En el fondo, se había sentido aliviada; ya no tendría que enfrentarse a más huracanes. Pero su padre echaba de menos Ocracoke. El mar lo era todo para él y falleció, lleno de tristeza, cuando Meredith tenía veinticinco años.
En cierta forma, Meredith se había decidido a volver por él. Pero ahora su vida se había transformado en un infierno. Estaba atrapada en aquella casa con un individuo que podía ser un psicópata.
Sin embargo, intentó convencerse de que no tenía miedo. Era una mujer adulta y tenía un cuchillo, el atizador del fuego y muchos metros de cuerda.
Todo estaba bien. Lo tenía todo controlado.
Por lo menos, hasta que despertara el pirata.
Estaba seguro de haber muerto. Recordaba haber caído por la borda, aunque probablemente lo habían empujado; un hombre que se había pasado toda la vida en la mar no se caía así como así.
Sí, seguramente lo habían empujado. Y golpeado. Pero se dijo que si él, Griffin Rourke, hubiera estado muerto, no habría sentido aquel intenso dolor; y de haberse encontrado entre los ángeles, habría podido abrir los ojos para mirar a su alrededor.

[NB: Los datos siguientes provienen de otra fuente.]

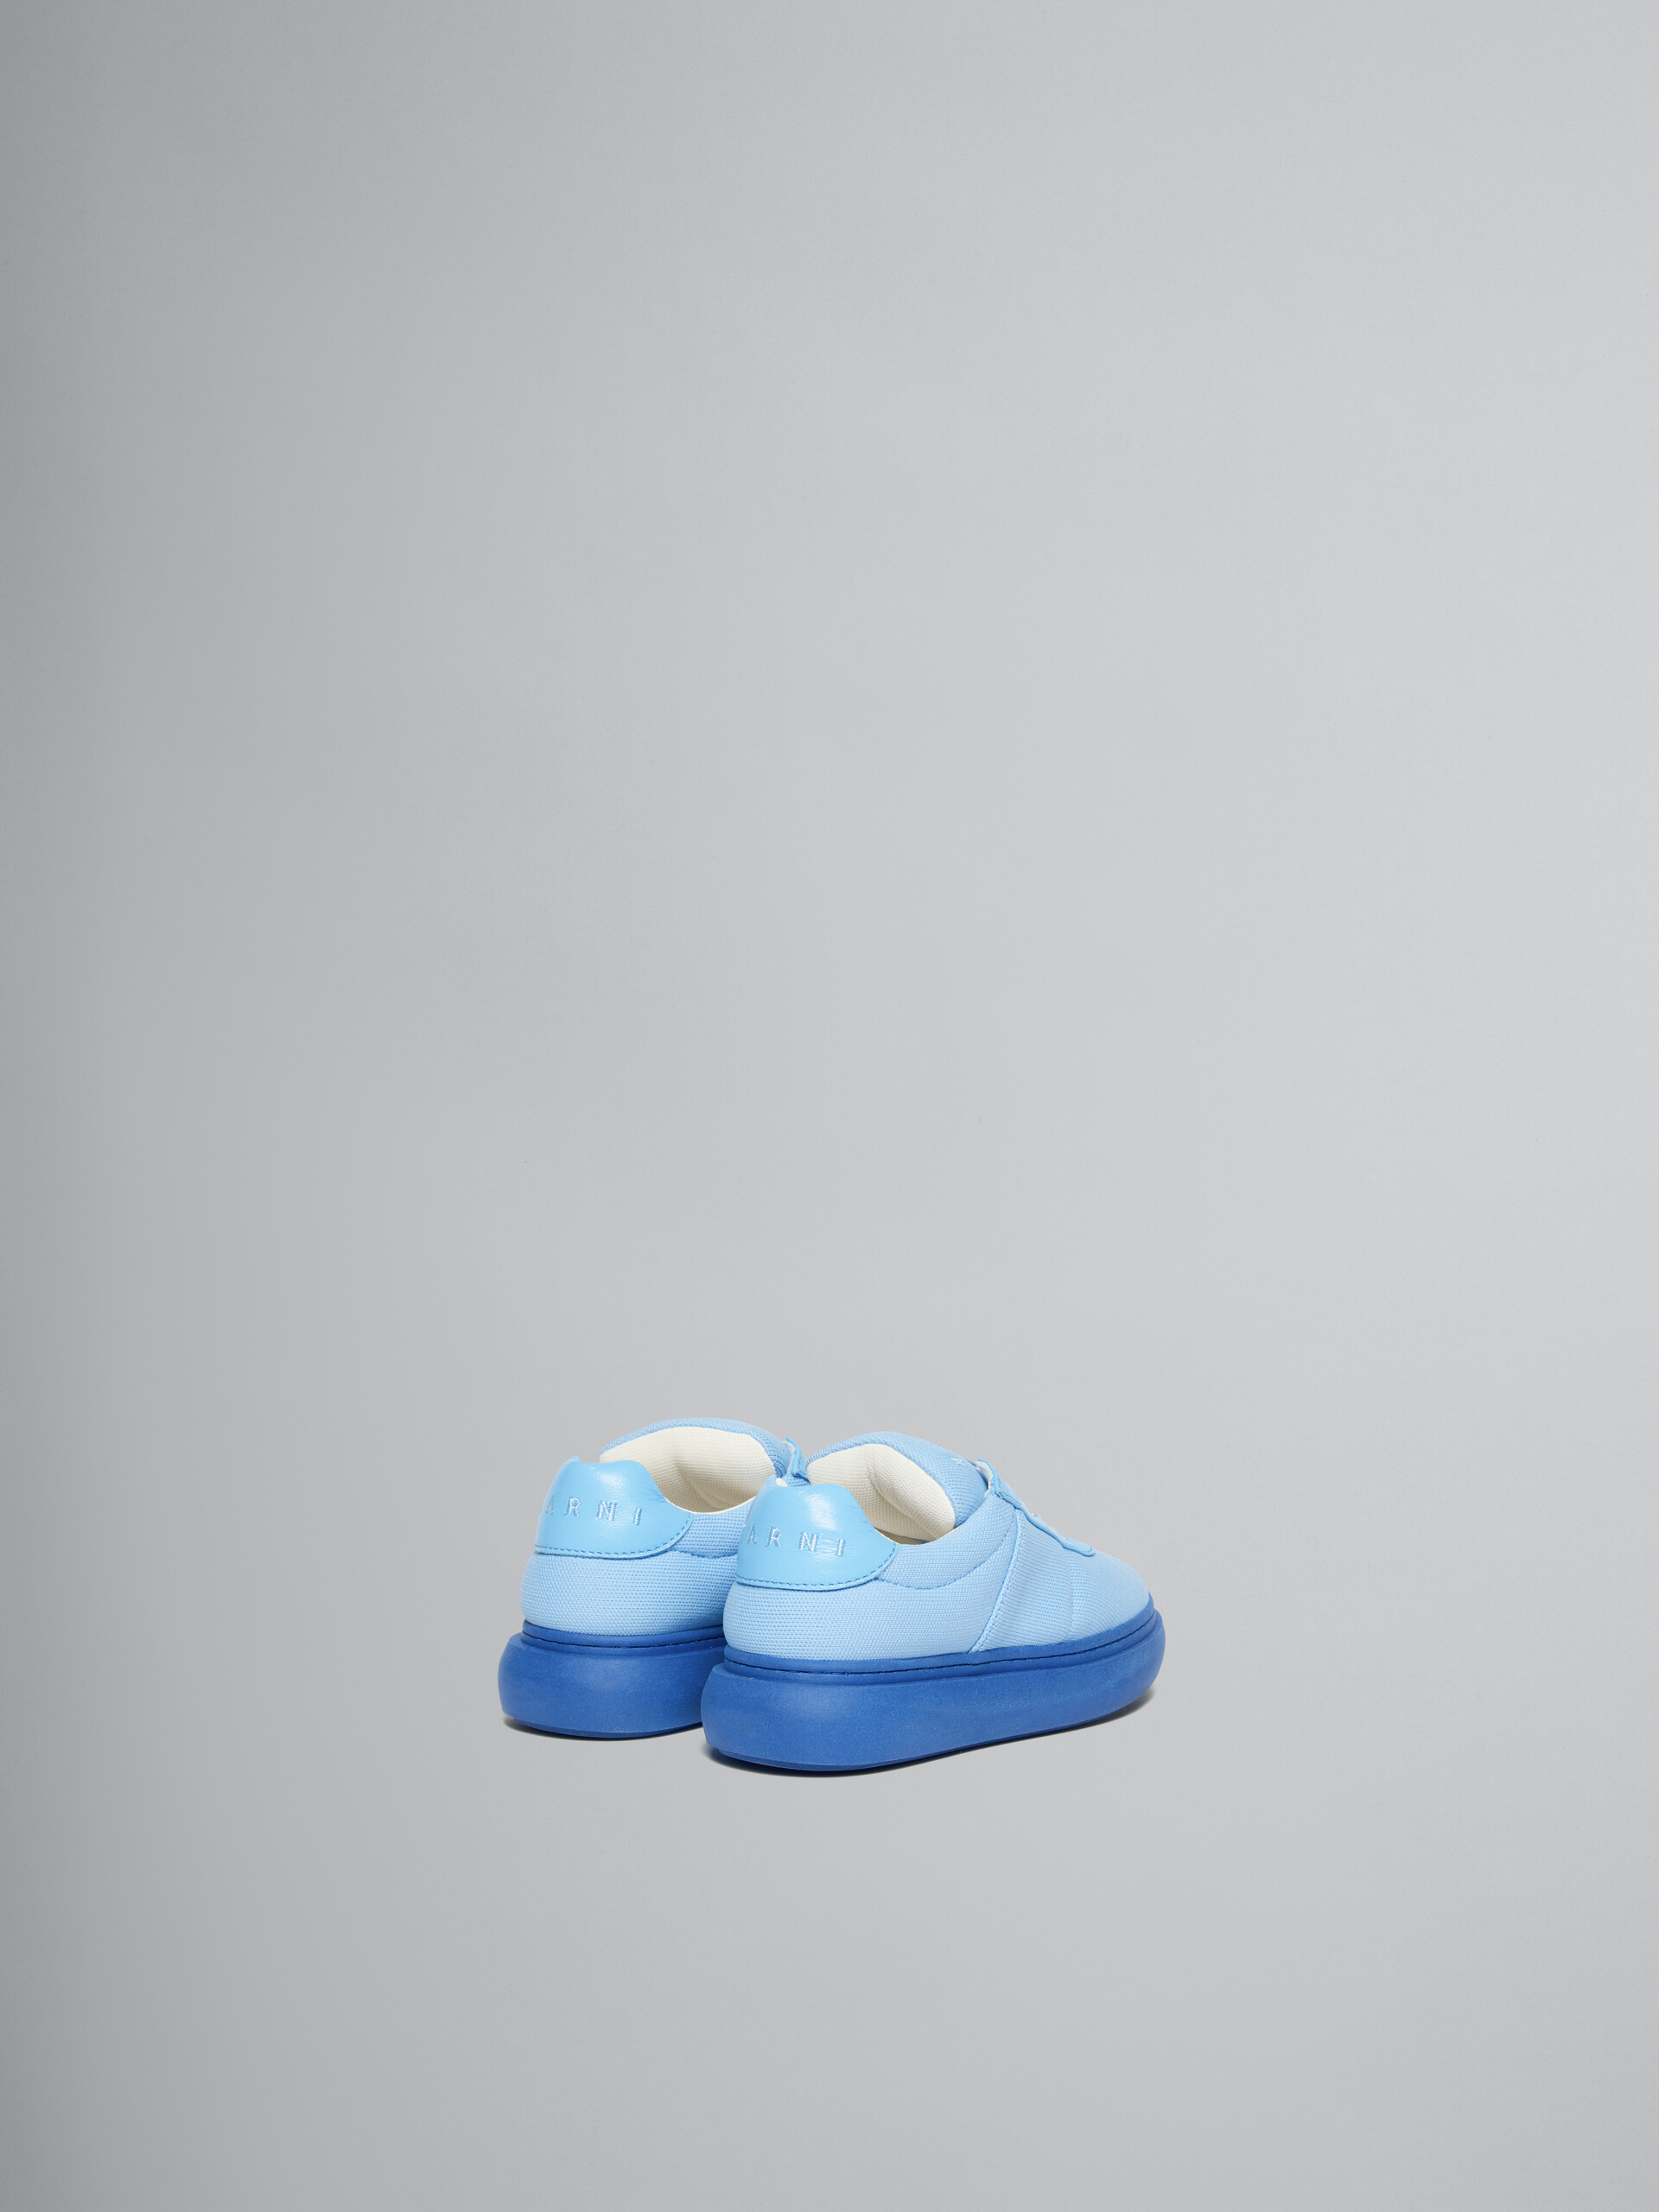 Hellblaue Sneakers aus gepolstertem Leder - KINDER - Image 3

Sólo cabía otra posibilidad: que estuviera en el infierno.
Intentó mover los brazos y las piernas, pero le pesaban demasiado. Pensó que tal vez se hubiera emborrachado en una taberna y que el tabernero lo había llevado amablemente a alguna habitación del establecimiento, así que hizo un esfuerzo y consiguió, por fin, abrir los ojos.
Pero aquello no era ninguna taberna. Para empezar, no reconocía el sitio. Para continuar, lo habían atado y le había afeitado la barba.
La sala estaba iluminada con velas y lámparas que supuso de aceite, de tal manera que no podía ver nada que se encontrara en las sombras. Junto al fuego había una especie de sillón en el cual dormía una persona que no pudo distinguir con claridad. Por su tamaño, le pareció un chico. Así que hizo un esfuerzo y gritó:
– ¡Eh! ¡Chico!
El supuesto chico se despertó sobresaltado y se puso en pie blandiendo un cuchillo.
– Aparta esa hoja, chico -ordenó Griffin-. No tengo intención de hacerte daño a menos que me obligues a ello. Y ahora, desátame o atente a las consecuencias.
El chico negó con la cabeza.
– Será mejor que no me enojes… -dijo él, intentando liberarse de las ataduras
– No voy a desatarte hasta que respondas unas cuantas preguntas. ¿Quién eres? ¿Cómo te llamas?
El suave y dulce sonido de la voz del chico bastó para que Griffin entrecerrara los ojos y lo mirara con más detenimiento. En cuanto notó sus curvas, su estrecha cintura, sus pequeños senos y sus caderas, supo que era una mujer.